What uncensored model do you recommend using ?

▲

panny 9 hours ago | parent [-]

>From a privacy perspective, your objective is to stay away from people who have interest to snoop on your conversations.

>So from the perspective of your teen, they would benefit from using z.ai or ChatGPT or Claude, etc, rather than the local server where you can see all the conversations.

That is bonkers. If I were a parent, I would hope my child would trust me more than systems monitored by FBI/NSA/etc. Like, what sort of sick relationship do you have to have with your own family to trust them less than strangers who would sell you into prison slavery for a buck.
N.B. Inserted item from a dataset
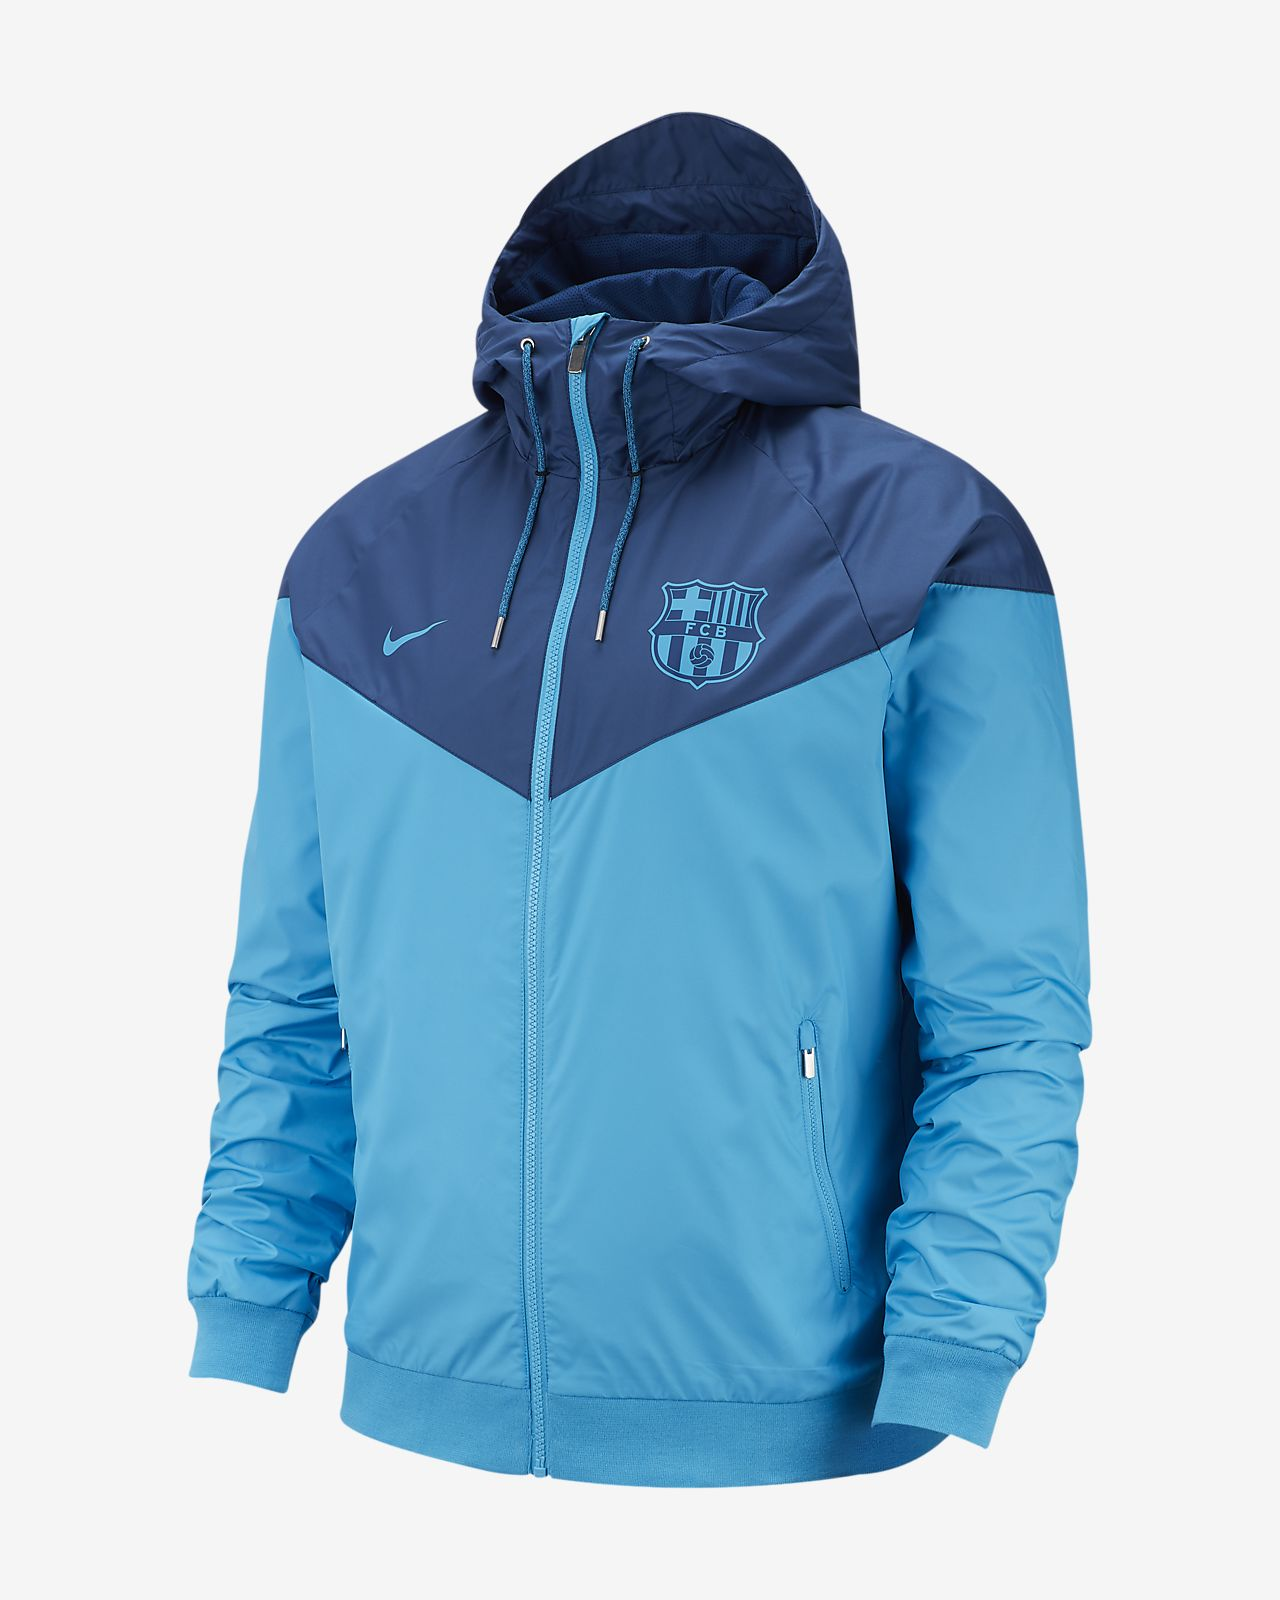 e1b4471f2e014 FC Barcelona Windrunner Chaqueta - Hombre. Nike.com ES

	▲	rvnx 8 hours ago \| parent [-]
		Private conversations of a teen have low value for FBI/NSA. They have infinite value to their parents. The state isn't going to ground them, shame them at dinner, out them, or pull them out of a relationship, punish them. Parents reading your browsing history and private conversations when you are 14-18 years old (the age of teenagers) is very very creepy, unless there is a specific danger to avoid. It's like if you read their private journal. Adolescents need a private inner world to form an identity, and heavy parental intrusion ("psychological control") is the real distrust. Trust them, they are people, not possessions. You can guide them, but do not store their private messages locally under your control using the excuse of protecting them from NSA. If they trust you, they will tend to tell you upfront the things they have questions about, there is really no need to spy on their thoughts. Same with husband/wife btw.

▲

rib3ye 9 hours ago | parent | prev | next [-]

How many tokens /sec?

	▲	roadside_picnic 8 hours ago \| parent [-]
		M3-Max laptop: ~55 token/sec RTX 4090: ~190 token/sec I don't have the number around but there is a notable latency for pre-fill on the M3, but once it's running the delay is negligible. The RTX, unsurprisingly, is all around superior performance wise, but: I use that computer for gaming and image gen work so I can't dedicate it as a server, and, especially when it's warmer, the heat generated under heavy loads is noticable.

▲

ai_fry_ur_brain 9 hours ago | parent | prev [-]

> I run an uncensored, ephemeral model for my own use and it's an entirely different experience than anything you can pay for.

Dont. Goon. To. LLMs

▲

fyltr 9 hours ago | parent [-]

Wasn't the parent post referring to 'legitimate' demands? I often use them to get a broad overview of a technical field before reading human stuff on it, and it might be me but those clankers tend to spend half their reasoning on whether they are allowed to reply to my request. Censorship is an annoying waste of capacity for certain use cases, although it certainly has its boons when shipping commercial models.

	▲	ai_fry_ur_brain 4 hours ago \| parent [-]
		He was definately referring to gooning to llms.